**INSTRUCTIONS FOR THE TASK**
Set down the full listing exactly as given. Any pictures are to be left out.

======== PROVIDED DATA ========

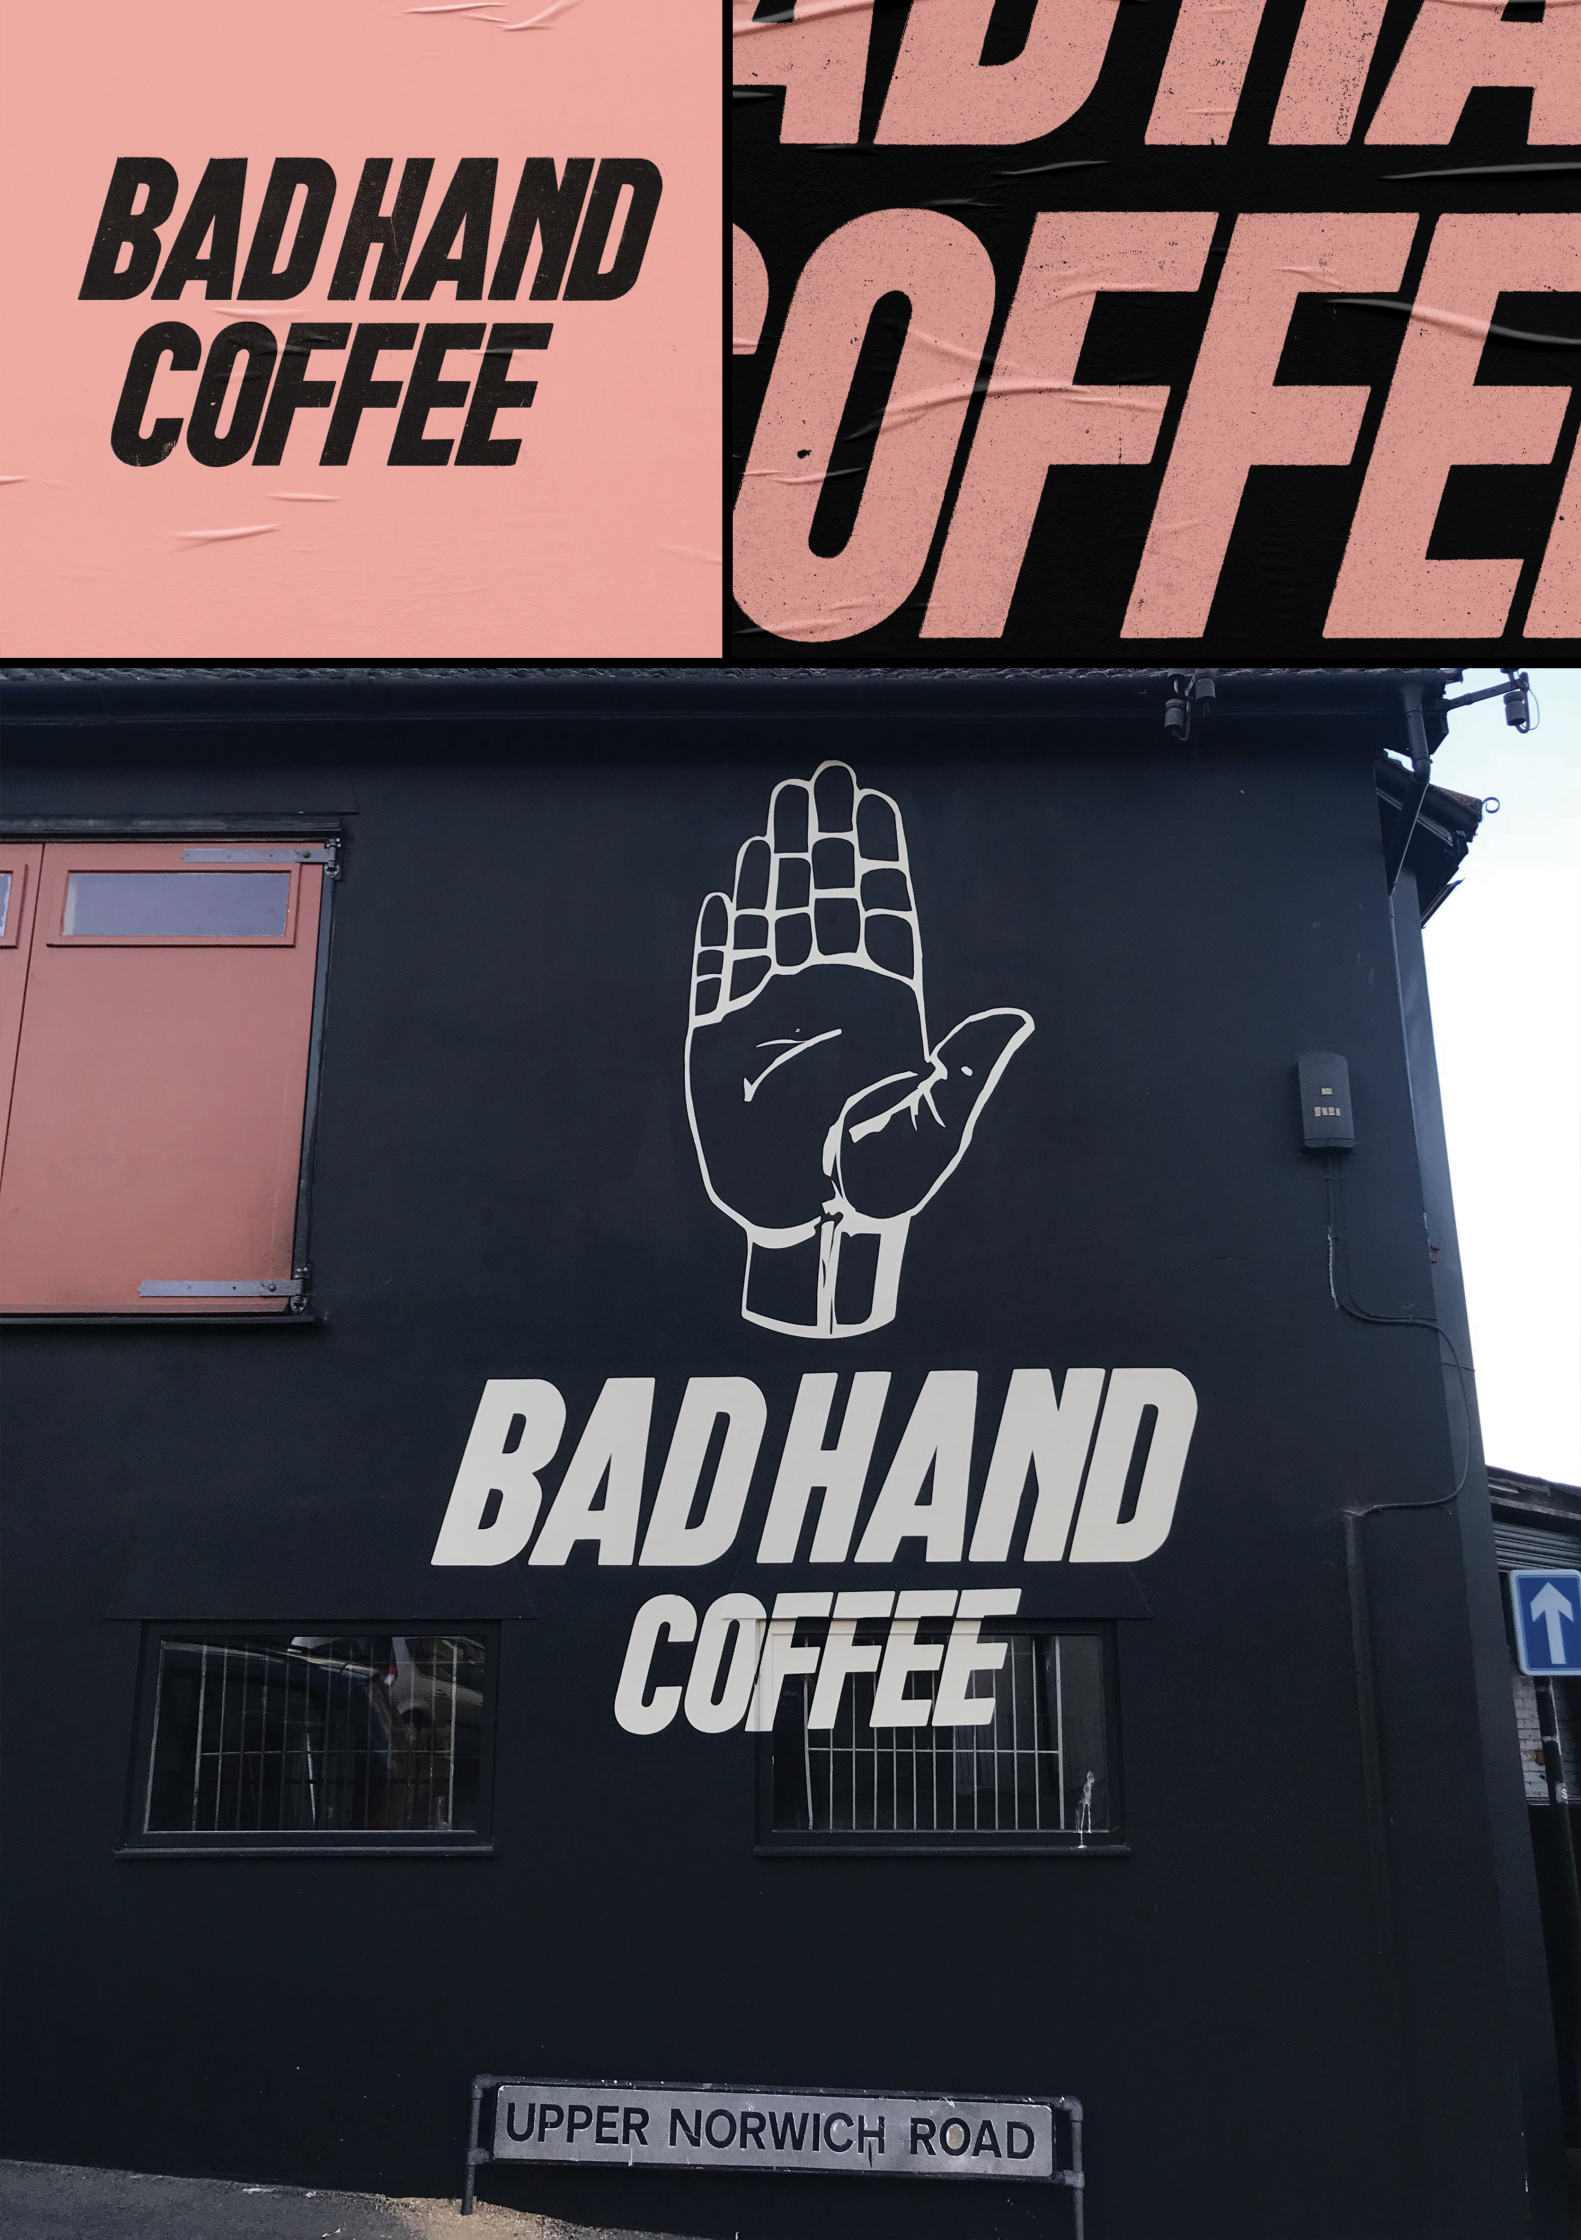 BADHAND COFFEE.jpg
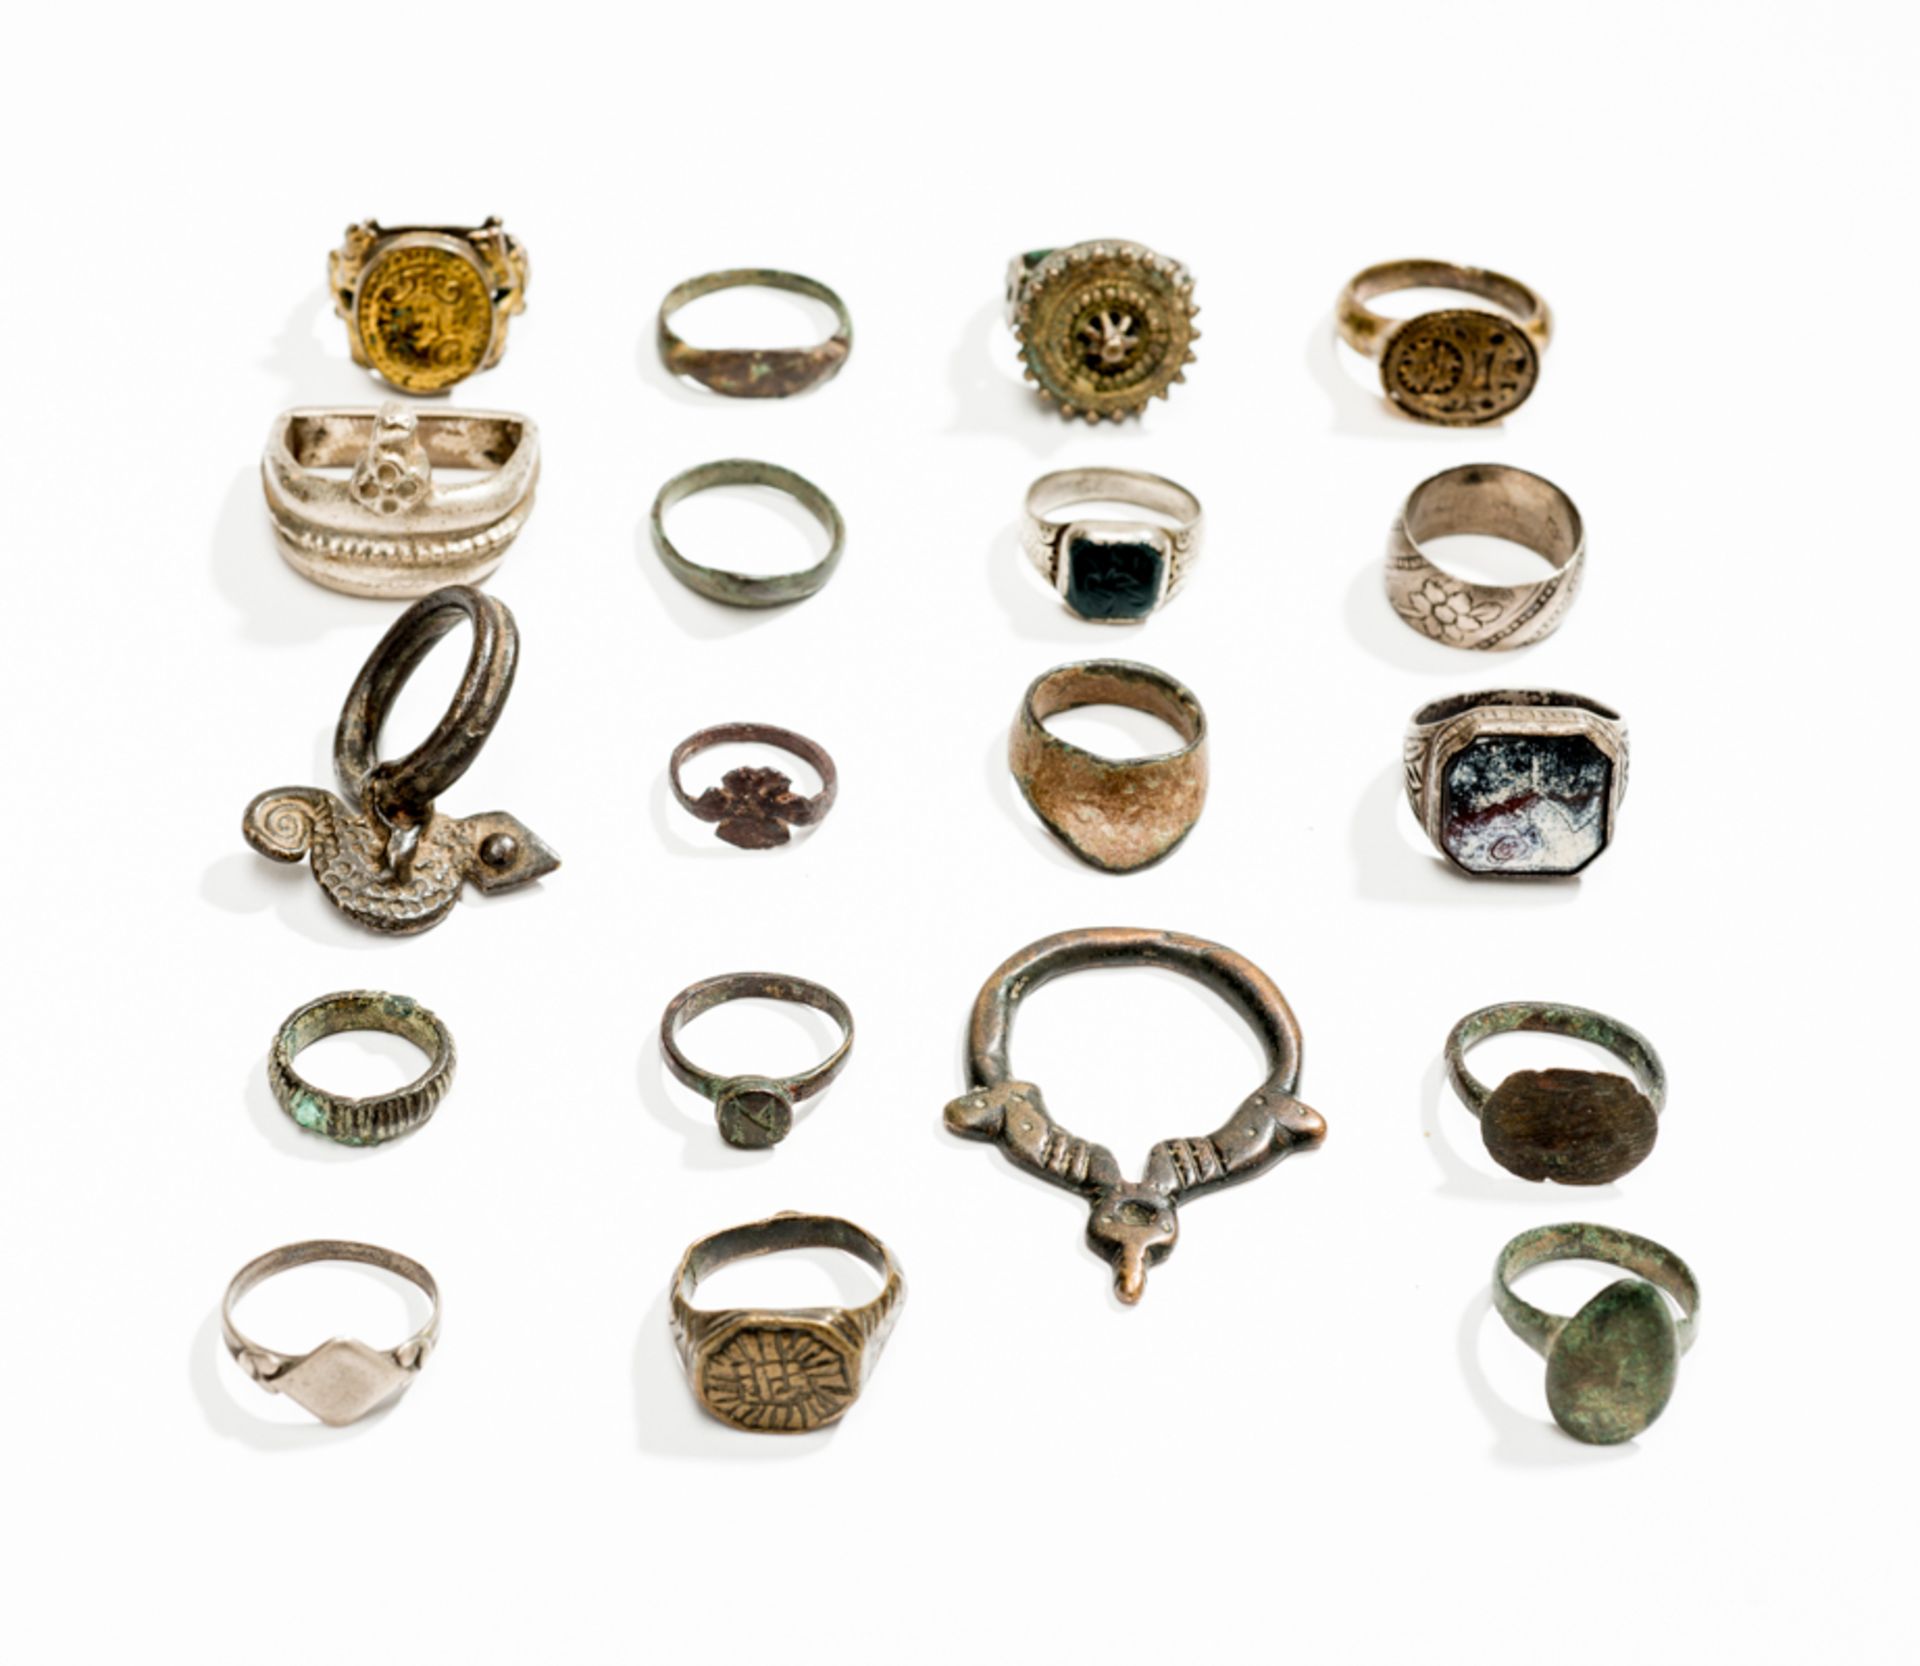 SELTENE SAMMLUNG AN 19 RINGENMessing, Bronze, Silber, Vergoldung, Eisen, Steine. Tibet, ca. 17. –
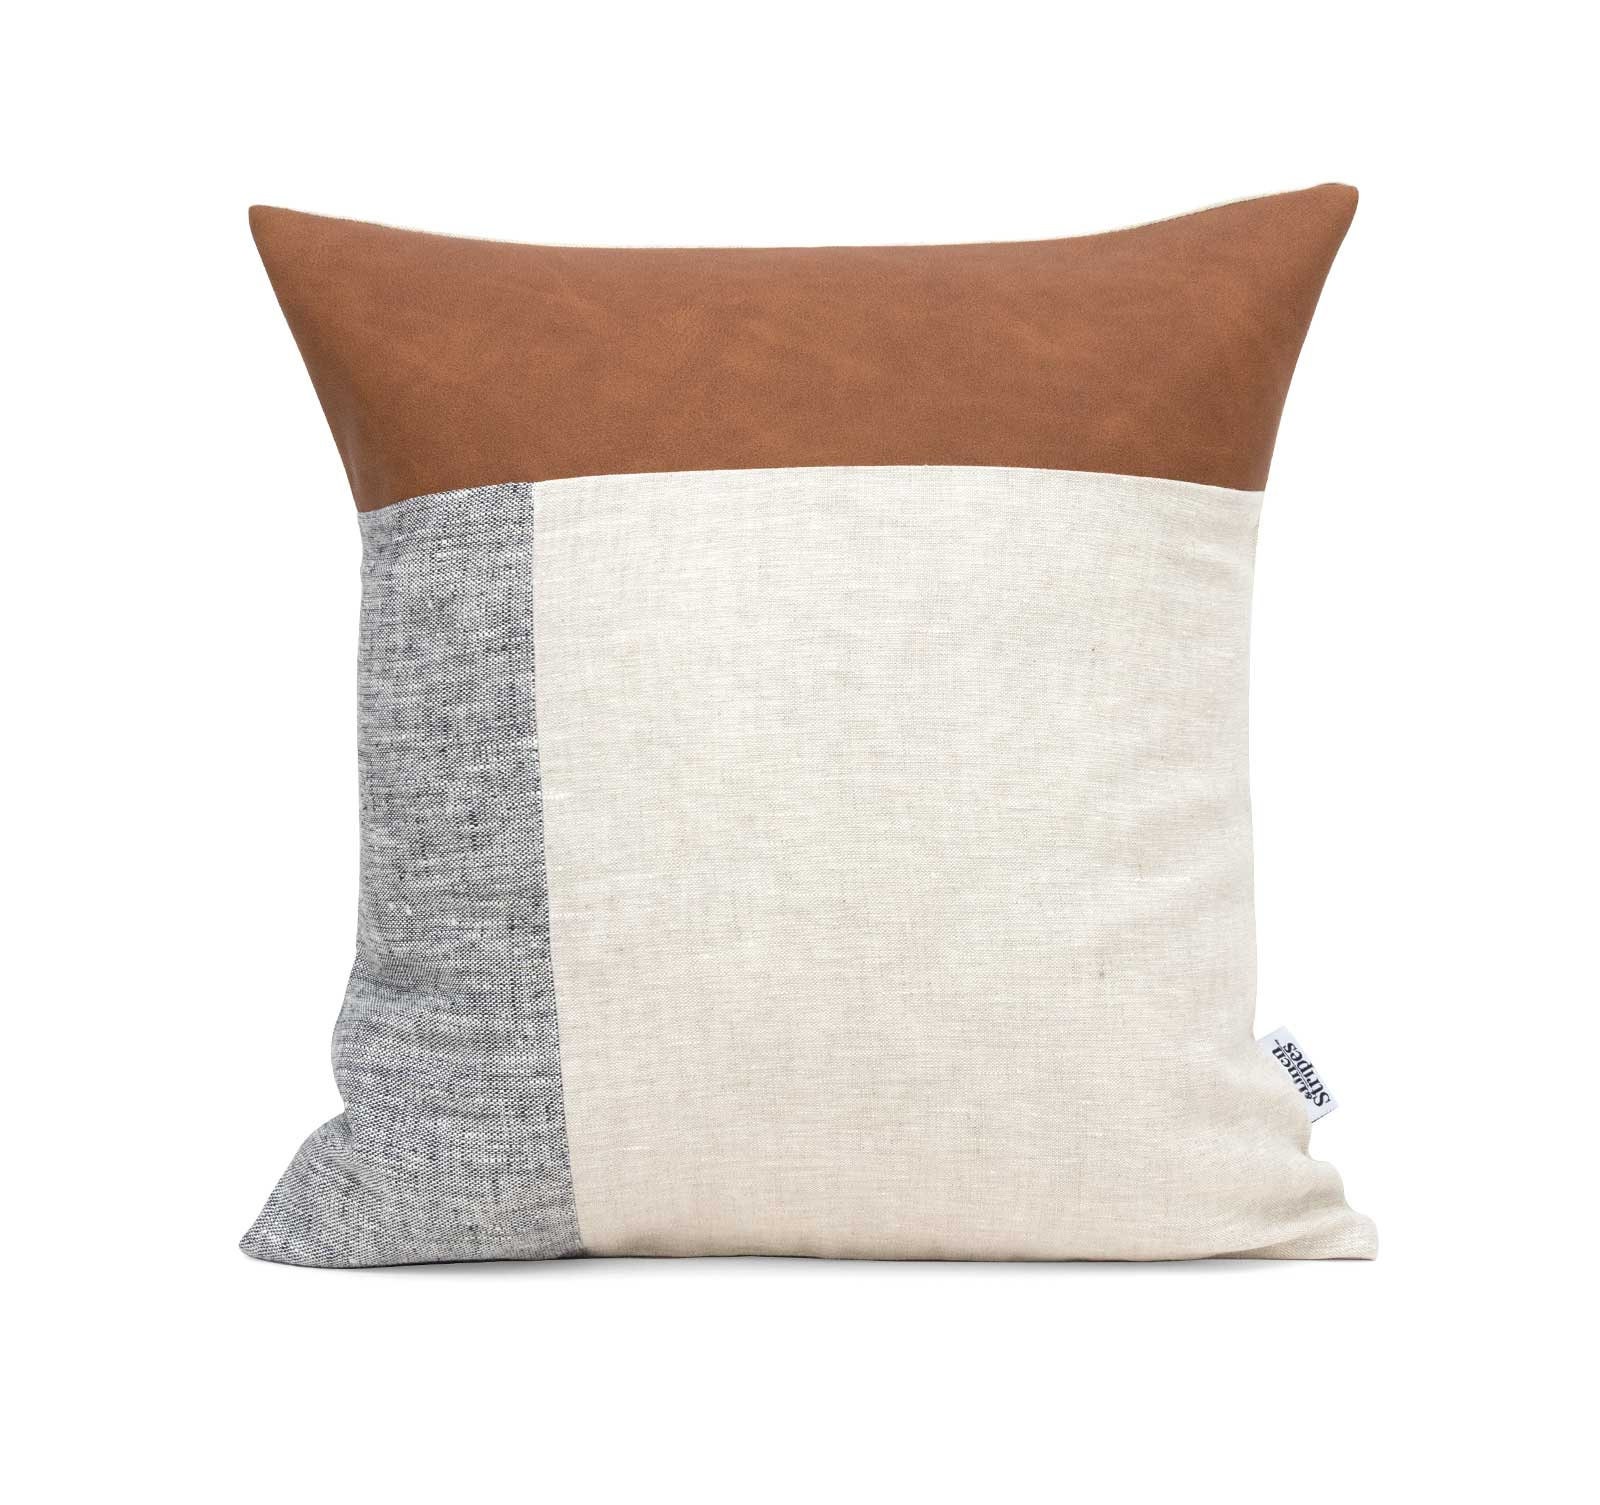 Throw Pillow Set 6, 18x18 Vegan leather throw pillow, Modern Minimal

========

**WRITTEN ANSWER**
 BADHAND COFFEE.jpg
 SELTENE SAMMLUNG AN 19 RINGENMessing, Bronze, Silber, Vergoldung, Eisen, Steine. Tibet, ca. 17. –
 Throw Pillow Set 6, 18x18 Vegan leather throw pillow, Modern Minimal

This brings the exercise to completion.